Study Shows High Rate of Actionable Mutations in Lung Cancer

— Opinions differ as to whether genetic testing for all patients is ready for prime time

MedpageToday
A close up of a swab over a monitor displaying the results of automated DNA sequencing

As many as 16% of patients with lung cancer had pathogenic germline variants (PGVs), most of which were potentially actionable with specific therapies, a review of almost 8,000 patients showed.

Overall, 14.9% of the patients had PGVs, 95% of which were potentially actionable. After excluding patients with other types of cancer, the proportion with PGVs increased to 16%. A majority of the PGVs occurred in DNA damage repair (DDR) or homologous recombination repair (HRR) genes.

The findings, combined with other evidence, make a compelling case for genetic testing of all patients with lung cancer, said Renato Martins, MD, of the VCU Massey Cancer Center in Richmond, Virginia, during an American Society of Clinical Oncology Virtual Plenary presentation.

"The FDA and NCCN [National Comprehensive Cancer Network] endorse targeted therapies for patients with breast, pancreatic, prostate, and ovarian cancers who carry HRR PGVs," said Martins. "Targeted therapy use in lung cancer patients with HRR PGVs warrants investigation."
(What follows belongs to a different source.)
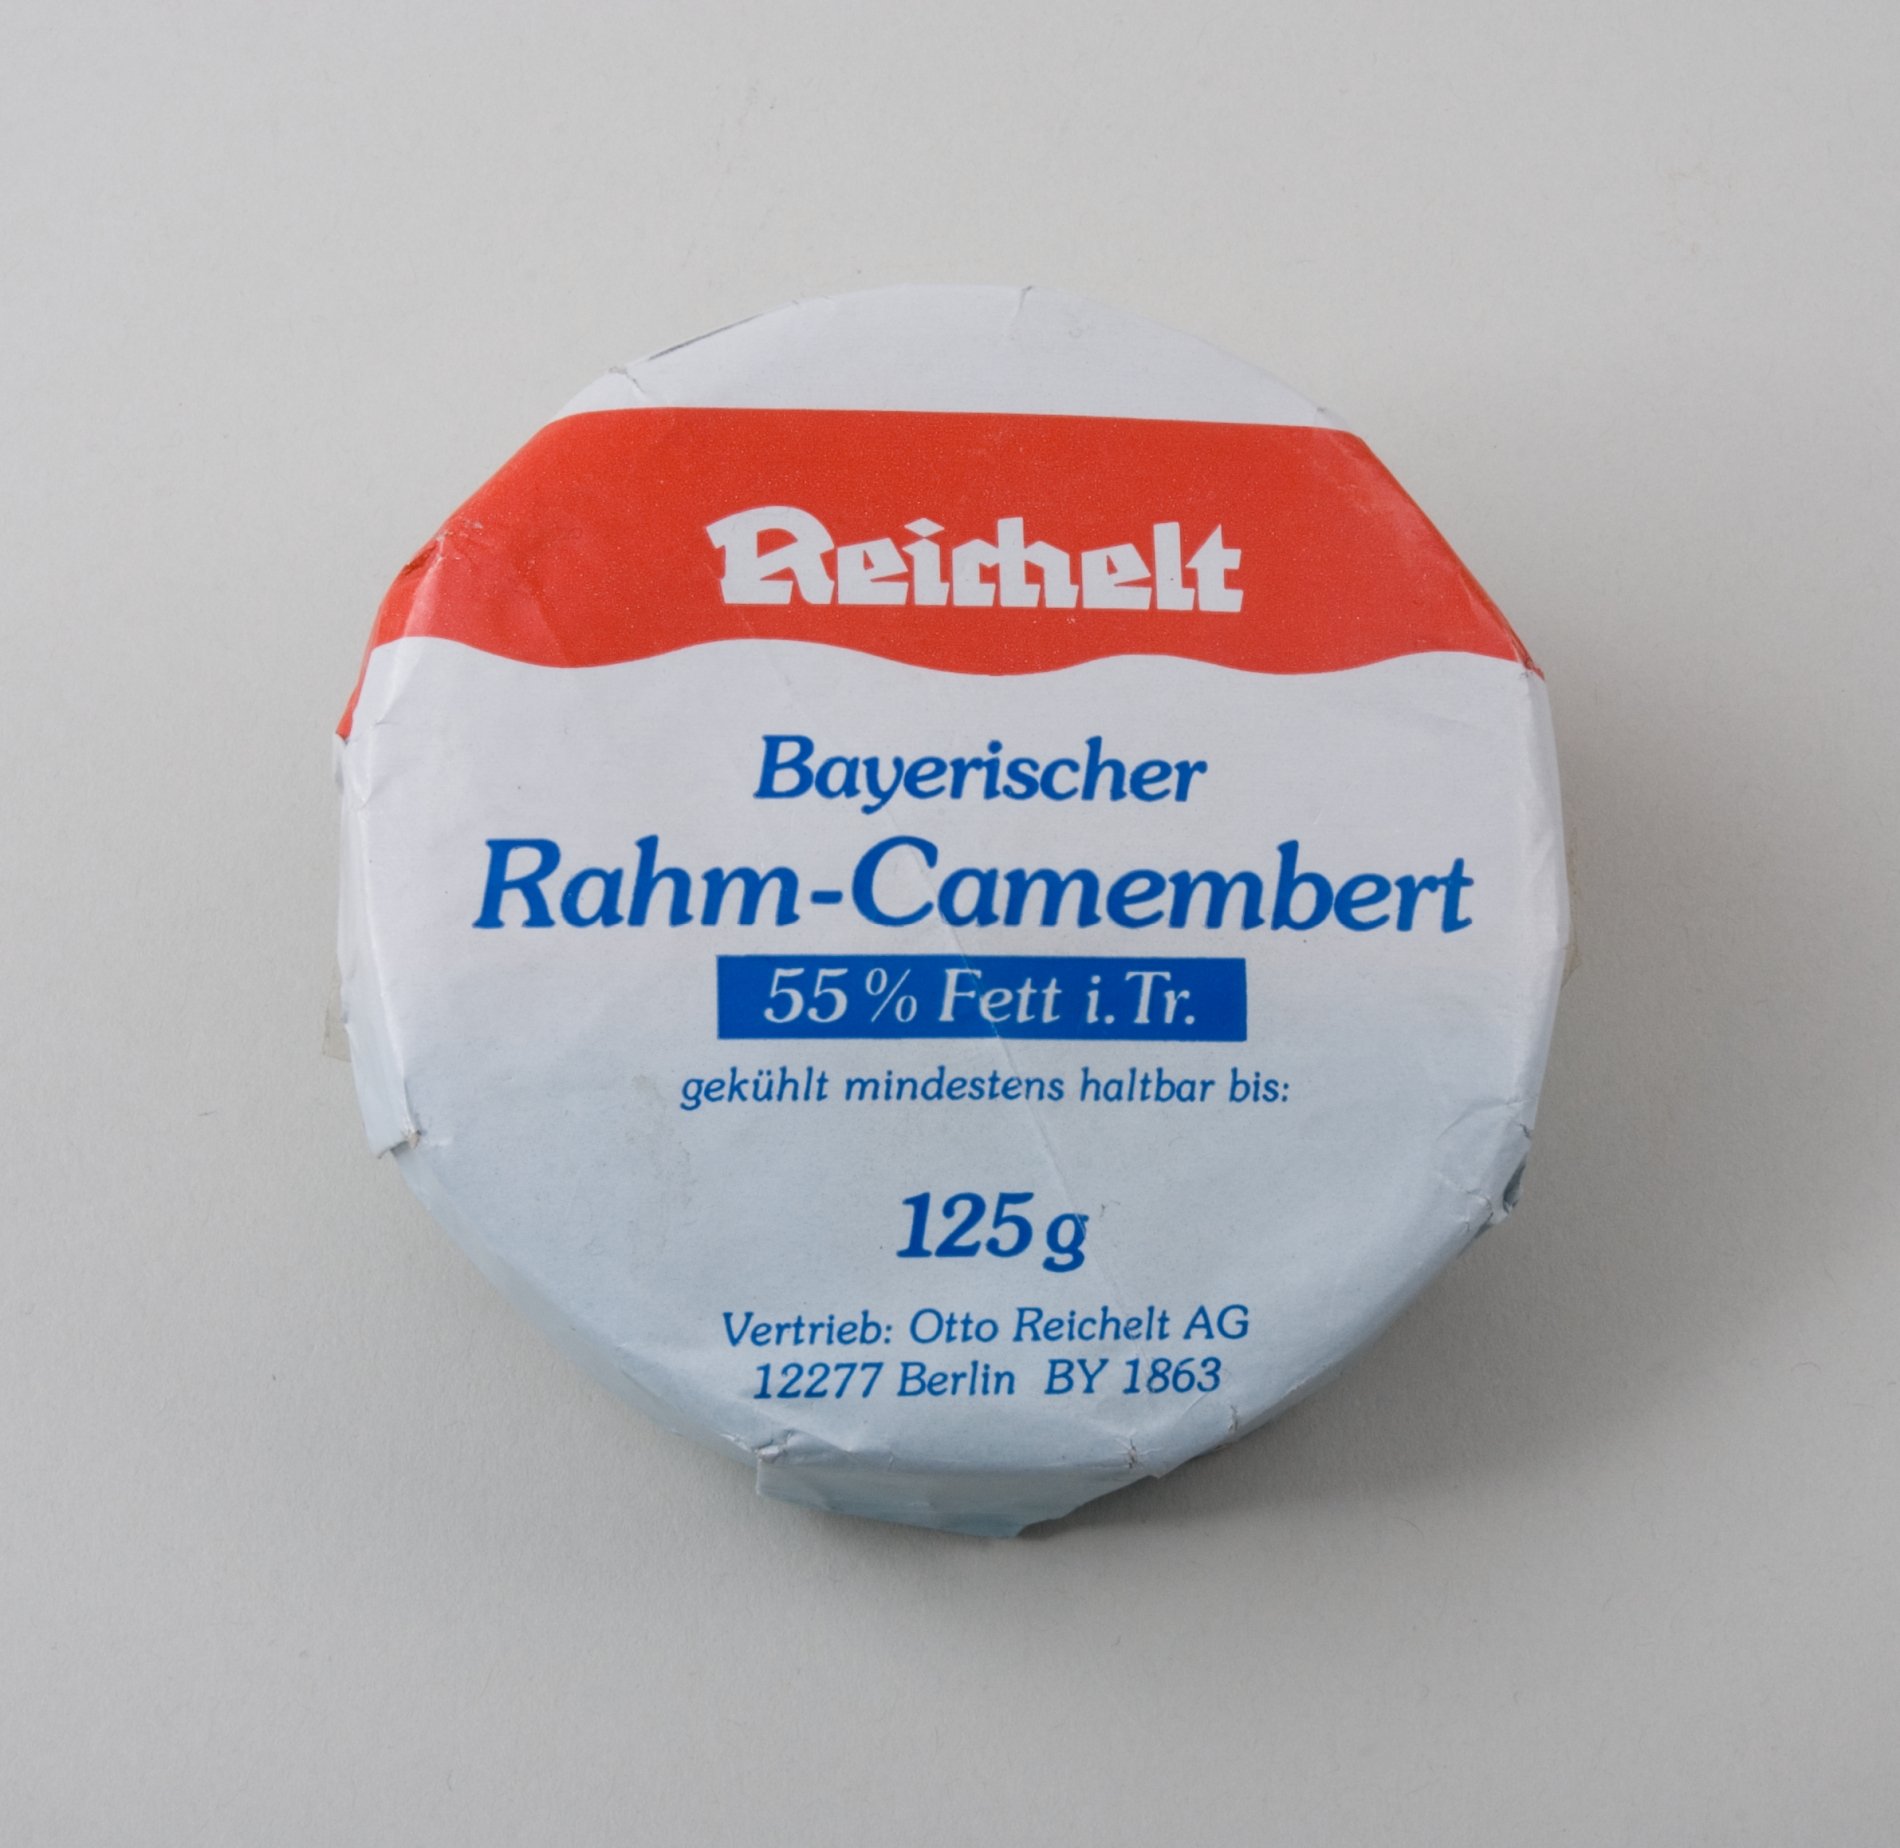 Warenmuster: "Bayerischer Rahm-Camembert" der Firma "Reichelt" (Stiftung Domäne Dahlem - Landgut und Museum, Weiternutzung nur mit Genehmigung des Museums CC BY-NC-SA)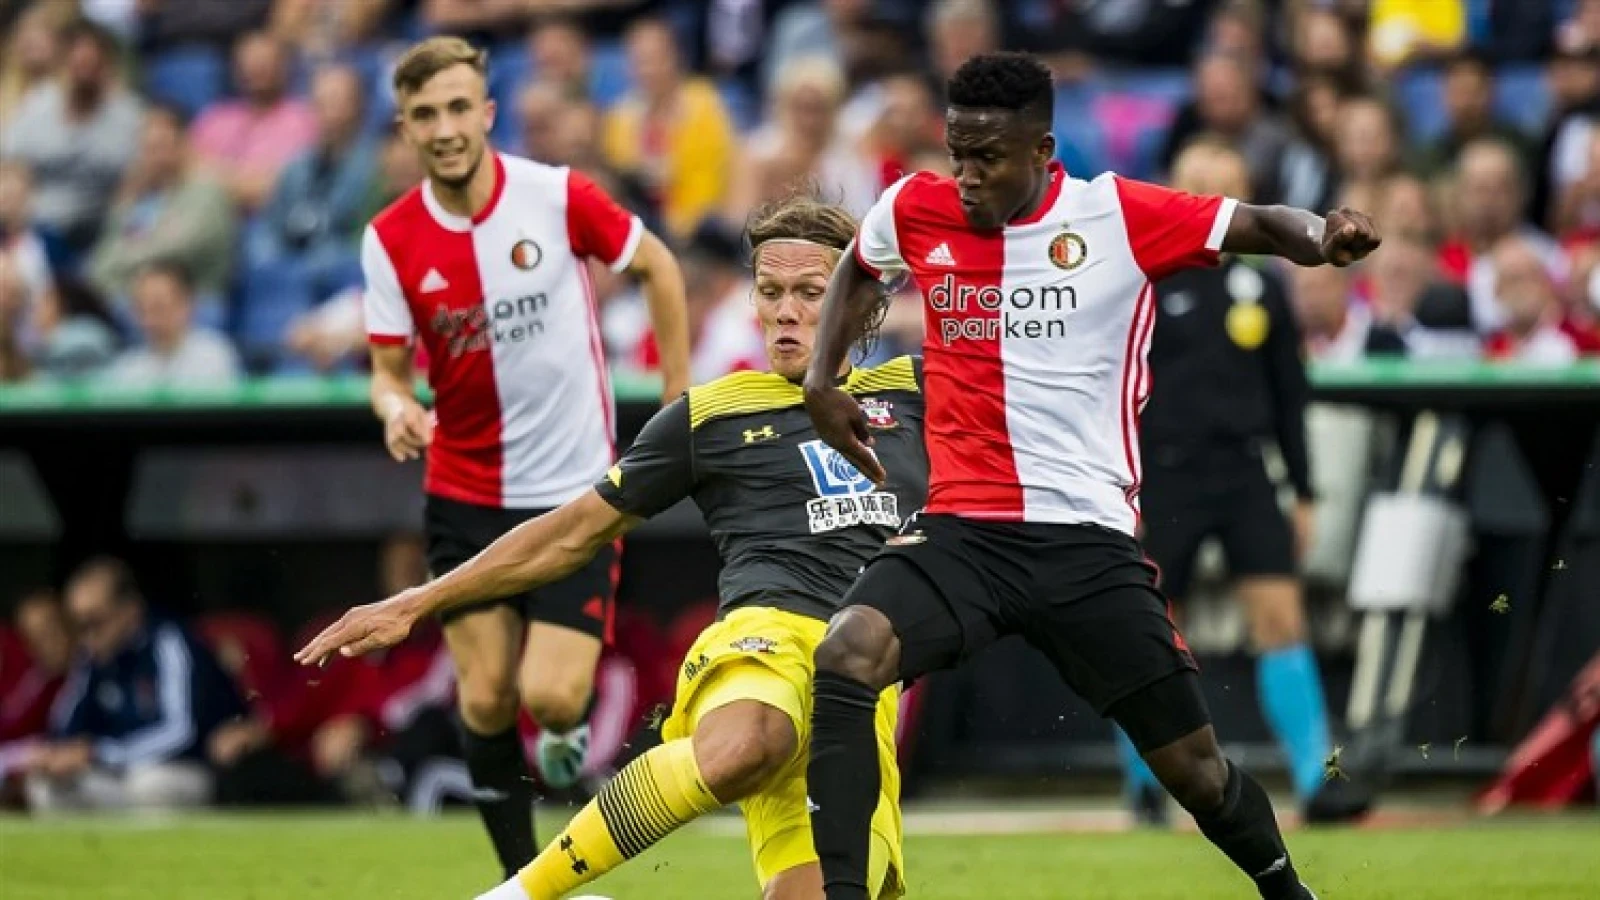 Slecht nieuws voor Feyenoord, nieuw blessuregeval na wedstrijd tegen Rangers FC

Background of Genetic Testing

"Given the current NCCN recommendations for genetic testing patients diagnosed with other cancer types, the Moonshot Version 2.0 recommendations [favoring genetic testing for all patients with cancer], and the profound implications for both patients and their families that result from identifying a PGV, our results suggest that all patients diagnosed with lung cancer also be considered for genetic testing," Martins said.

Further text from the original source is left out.